4.4 Output the estimated Correlation matrix from each model (should have 2 matrices).
std_devs_m_1 <- sqrt(diag(cov_matrix_m_1))
std_devs_m_i6 <- sqrt(diag(cov_matrix_m_i6))
# 2. Normalize the covariance matrices by the standard deviations
cor_matrix_m_1 <- cov_matrix_m_1 / (std_devs_m_1 %*% t(std_devs_m_1))
cor_matrix_m_i6 <- cov_matrix_m_i6 / (std_devs_m_i6 %*% t(std_devs_m_i6))
print(cor_matrix_m_1)
## Marginal variance covariance matrix
## [,1] [,2] [,3] [,4] [,5]
## [1,] 1.00000 0.86382 0.84915 0.83654 0.84058
## [2,] 0.86382 1.00000 0.89296 0.83276 0.87098
## [3,] 0.84915 0.89296 1.00000 0.84760 0.87243
## [4,] 0.83654 0.83276 0.84760 1.00000 0.87371
## [5,] 0.84058 0.87098 0.87243 0.87371 1.00000
## Standard Deviations: 1 1 1 1 1
print(cor_matrix_m_i6)
## Marginal variance covariance matrix
## [,1] [,2] [,3] [,4] [,5]
## [1,] 1.00000 0.86248 0.84896 0.83222 0.84183
## [2,] 0.86248 1.00000 0.88894 0.83007 0.87317
## [3,] 0.84896 0.88894 1.00000 0.83302 0.87280
## [4,] 0.83222 0.83007 0.83302 1.00000 0.86844
## [5,] 0.84183 0.87317 0.87280 0.86844 1.00000
## Standard Deviations: 1 1 1 1 1
4.5 Comment on the correlations: which model has larger/smaller correlations? Why? Basically, I am asking you about the effect of how we specify the mean response \(E(Y_{ij}) =𝜇_{ij}\) on the estimated Covariance \((\sum_i)\) and Correlation \((R_i)\) matrices. Why do we care about the model for the mean response?

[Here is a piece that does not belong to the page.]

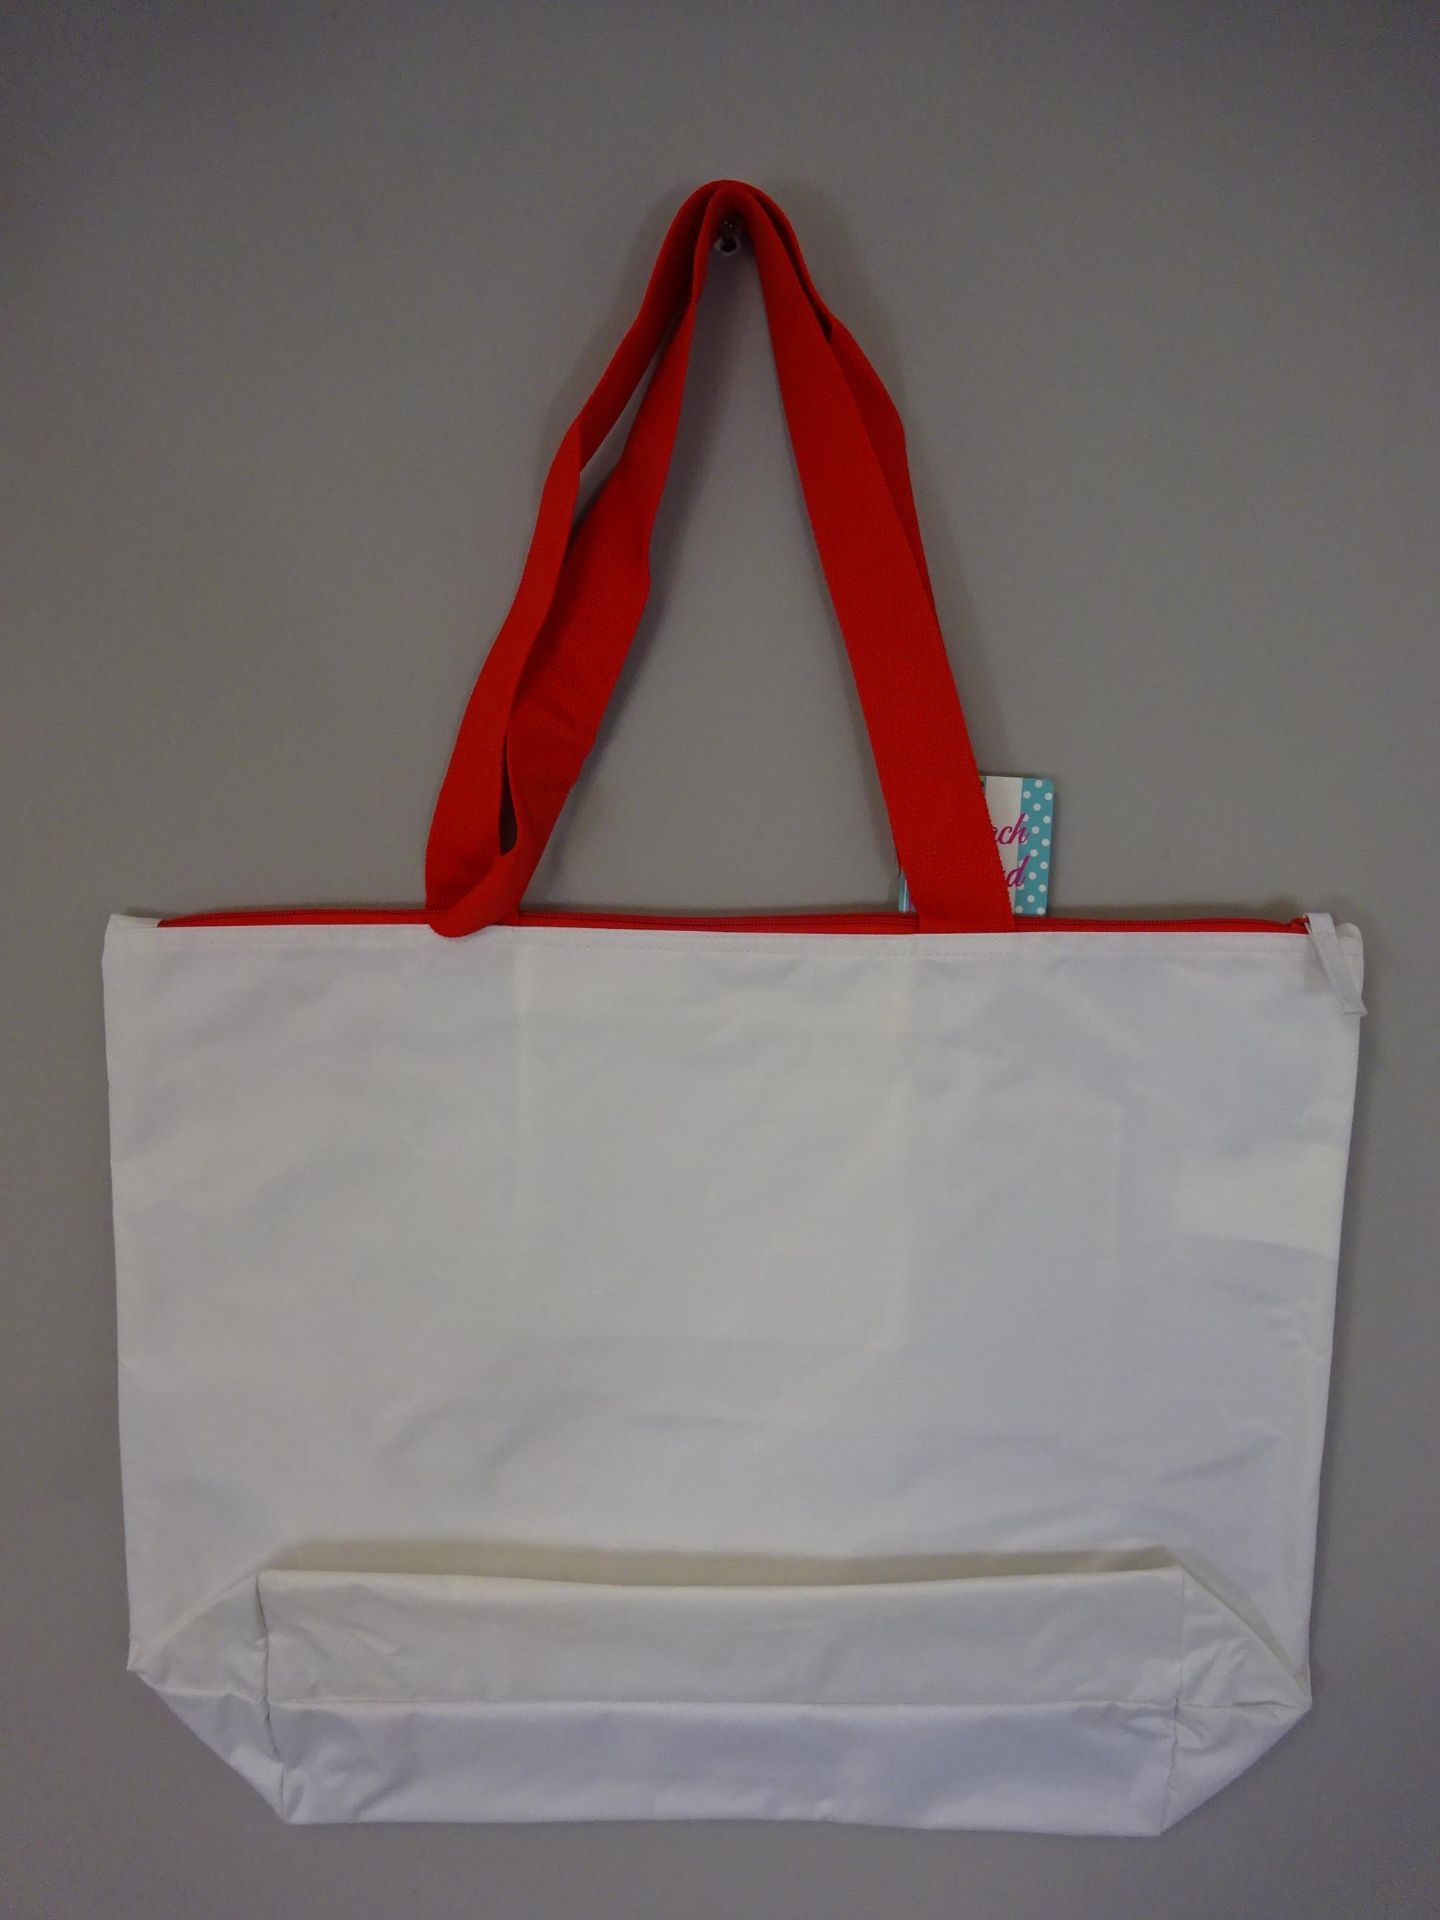 New Bag Patterened Waterproof Bag - Image 2 of 2

the linear model has slightly larger correlations than the quadratic model. This is because the linear model does not capture the non-linear relationships in the data as effectively as the quadratic model, resulting in larger residuals and stronger correlations. The specification of the mean response is important because it determines how well the model fits the data. A more accurate specification (like the quadratic model) leads to smaller residuals and smaller correlations, while a less accurate specification leads to larger residuals and stronger correlations.